Another option that is gaining popularity with our members is the sweeter heater.

I experimented and raised some chicks in a heated room last winter with good results. A small fan heater, along with the house heating, worked well keeping the room at a comfortable temperature for them. I never raised the temperature in the room over around 80F, I set the heater to switch itself on and off and just boost the temperatures a bit as needed, and the chicks were happy, happy at that.

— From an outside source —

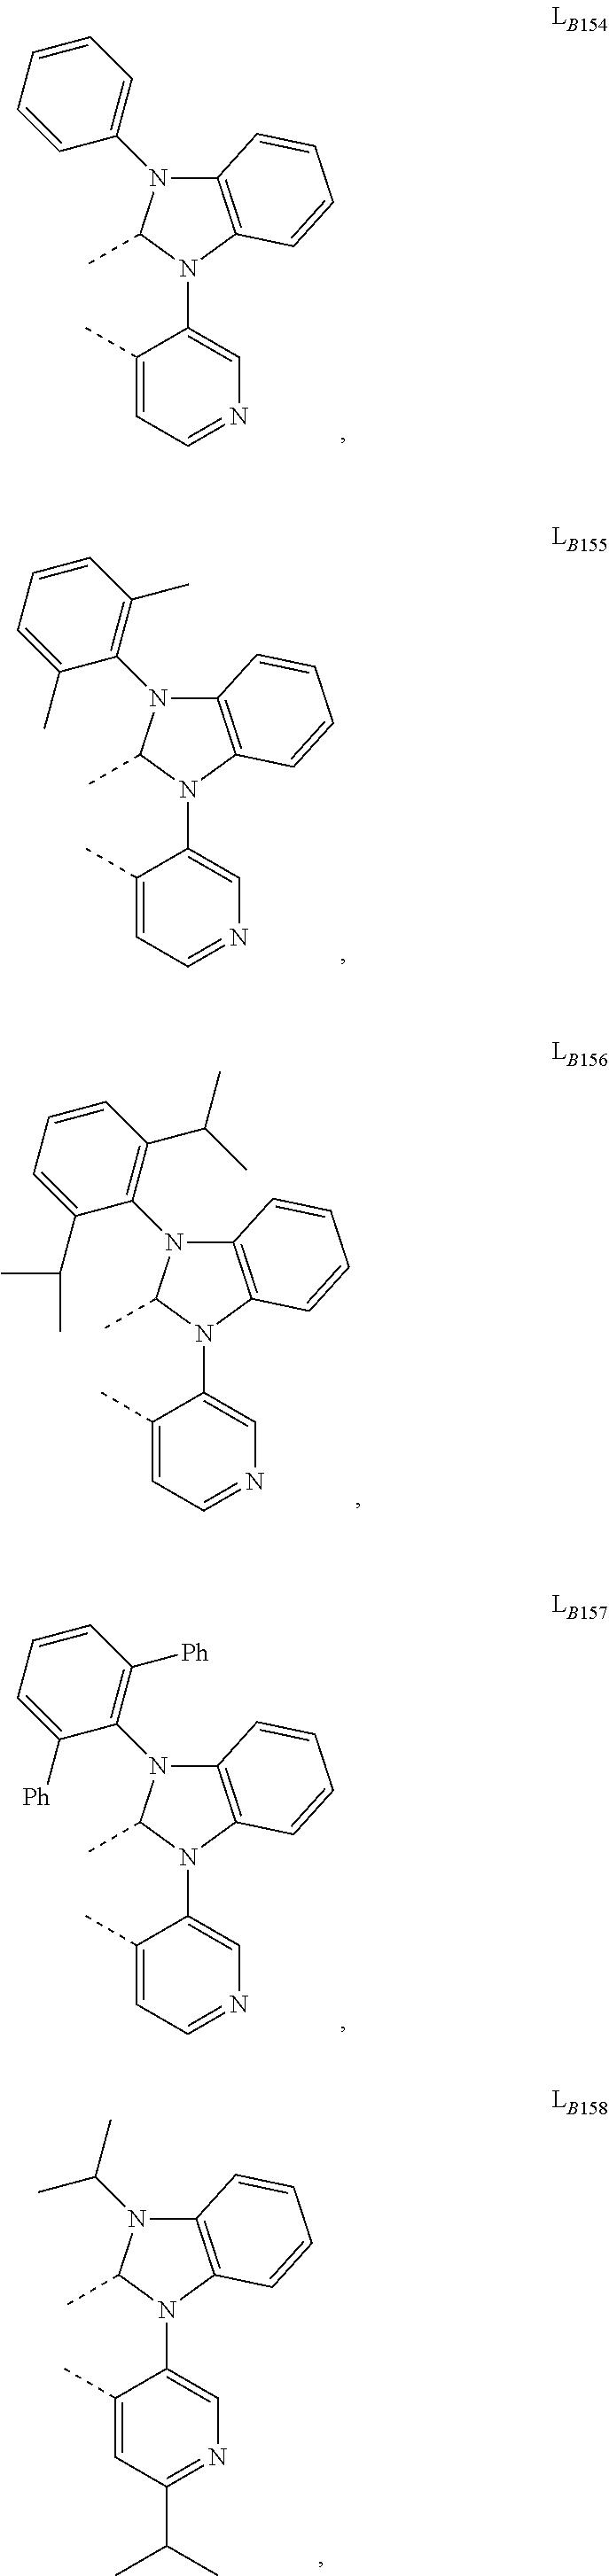 Figure US09905785-20180227-C00592

For older chickens and coops… Do older chickens NEED supplemented heat over winter? Some breeds are not able to handle extreme cold and can benefit from a bit of supplemented heat, but the majority of healthy, strong, well looked after chickens are perfectly equipped to withstand very cold temperatures. Look at wild birds. They don't have heaters and heat lamps and I have yet to see one killed by cold. With the exception of a very small number of breeds, chickens are protected against the elements by a well designed duvet of feathers that helps them regulate their body temperatures and keep the cold out. They can and will do fine even in extreme cold, even more so if they have a well designed and built coop to overnight in.

Here is a good discussion stating the temperatures chickens can withstand WITHOUT supplemented heat:

And a must read article by @pipdzipdnreadytogo on supplemented heat in the coop (Please do read this article, it's good info!):

Bottom line: in most cases chickens do NOT need that heat lamp or heater in the coop. Yes, it's nice and they greatly appreciate it, but they Do. Not. Need. It. Sadly a lot of fires were caused by unnecessary heating… So the first step to reducing the risk of fires is obvious: Do not provide supplemented heat in the coop unless the birds really need it!

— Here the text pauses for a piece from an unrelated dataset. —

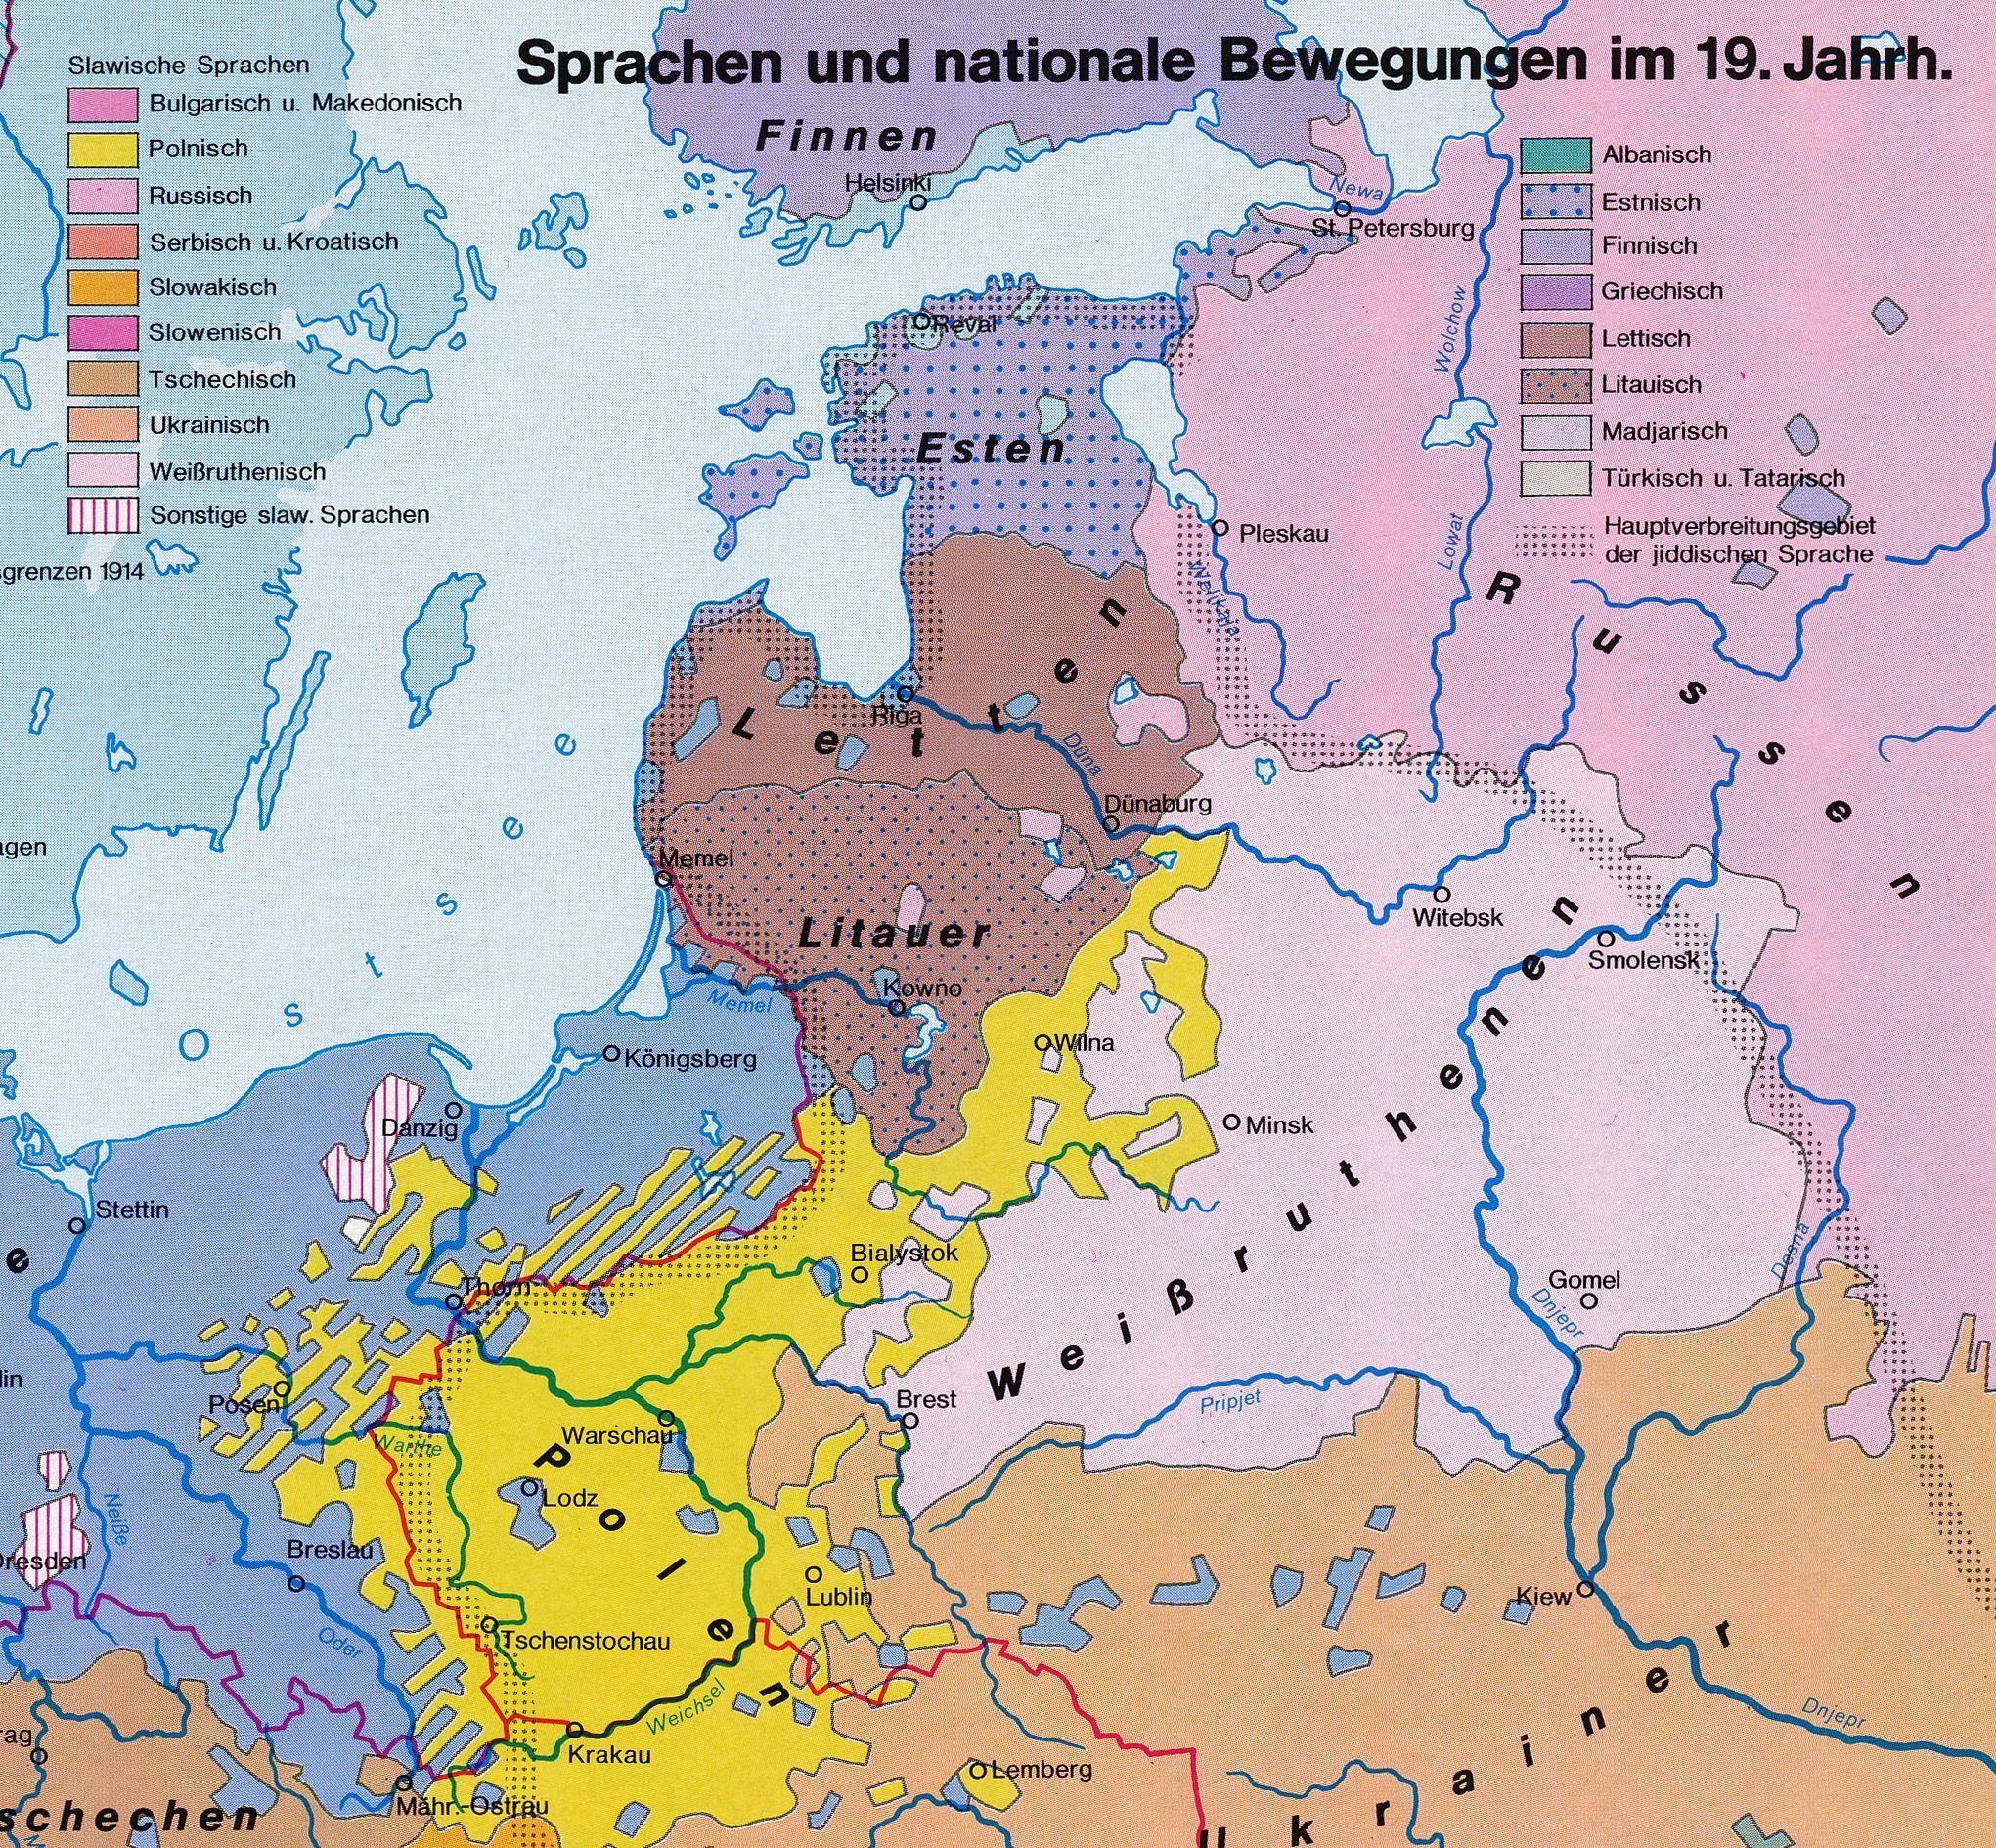 Karte Deutsches Reich 1914.Arge Baltikum Historische Karten

If they do, if they really do need heat and you need to supplement heat in your coop or barn, take the necessary steps to make sure your lamps are secure, if you choose to use lamps. Get a qualified electrician to install electricity, do the wiring, etc. Don't say "I'll save money doing it myself!" How much is your flock and coop worth to you? Get a professional to do the job…

BYC member @aoxa had a tragic barn fire about 3 years ago and she started a thread on the topic of fire safety and prevention (Thanks, Justine!) To quote from her thread, here are some safety tips she gathered:

  • The obvious - make sure if you have chicks in the barn/coop that you have your heat lamp SECURED. Do not trust the clamps. They can slip off easily and the heat lamp can fall to the ground and catch the shavings on fire.
  • Extension Cords - Please, please do not use these if you can help it. If you do have to use them, Make sure you are not drawing a lot of power from them (IE: Don't attach an extension cord to a power block and plug a lot into them).
  • DUST your lights and outlets regularly. Dust is a big issue.. You know how much dust a couple of chickens can create.. If dust builds up on heat lamps, or even regular light bulbs the dust itself can catch on fire.
  • If you use extension cords, use heavy duty, and only ones meant for outdoors. Make sure they are all intact and have no rips or tears in the coating.
  • Another extension cord tip: Do not staple them into the wall to keep out of reach of birds. If you hit the cord itself it can create an issue
  • Store baled hay AWAY from livestock. Hay/bedding storage should not be near lights, fans, electrical boxes, heaters or outlets.
  • Flammable substances should be kept away from the barn. (We had 5 propane tanks stored in the loft. BAD idea.
  • Improperly utilized heat lamps are a major source of barn fires. They are often placed too close to hay and bedding which may ignite quite easily from the heat. Never use extension cords with heat lamps.
  • When storing newly baled hay, the temperature should be monitored. Adequate ventilation should be provided for additional drying of the hay. If too much heat builds up, spontaneous combustion can occur. (Never purchase hay that is hot - because it can mean that it was baled too wet. In addition to being a fire hazard, the hay may turn moldy, making it unpalatable and unhealthy for horses to eat.)
  • Outlets and switch boxes should be made of metal and have dust- and water-tight spring-loaded covers that close when released. Ground fault receptacles should be utilized for all outlets.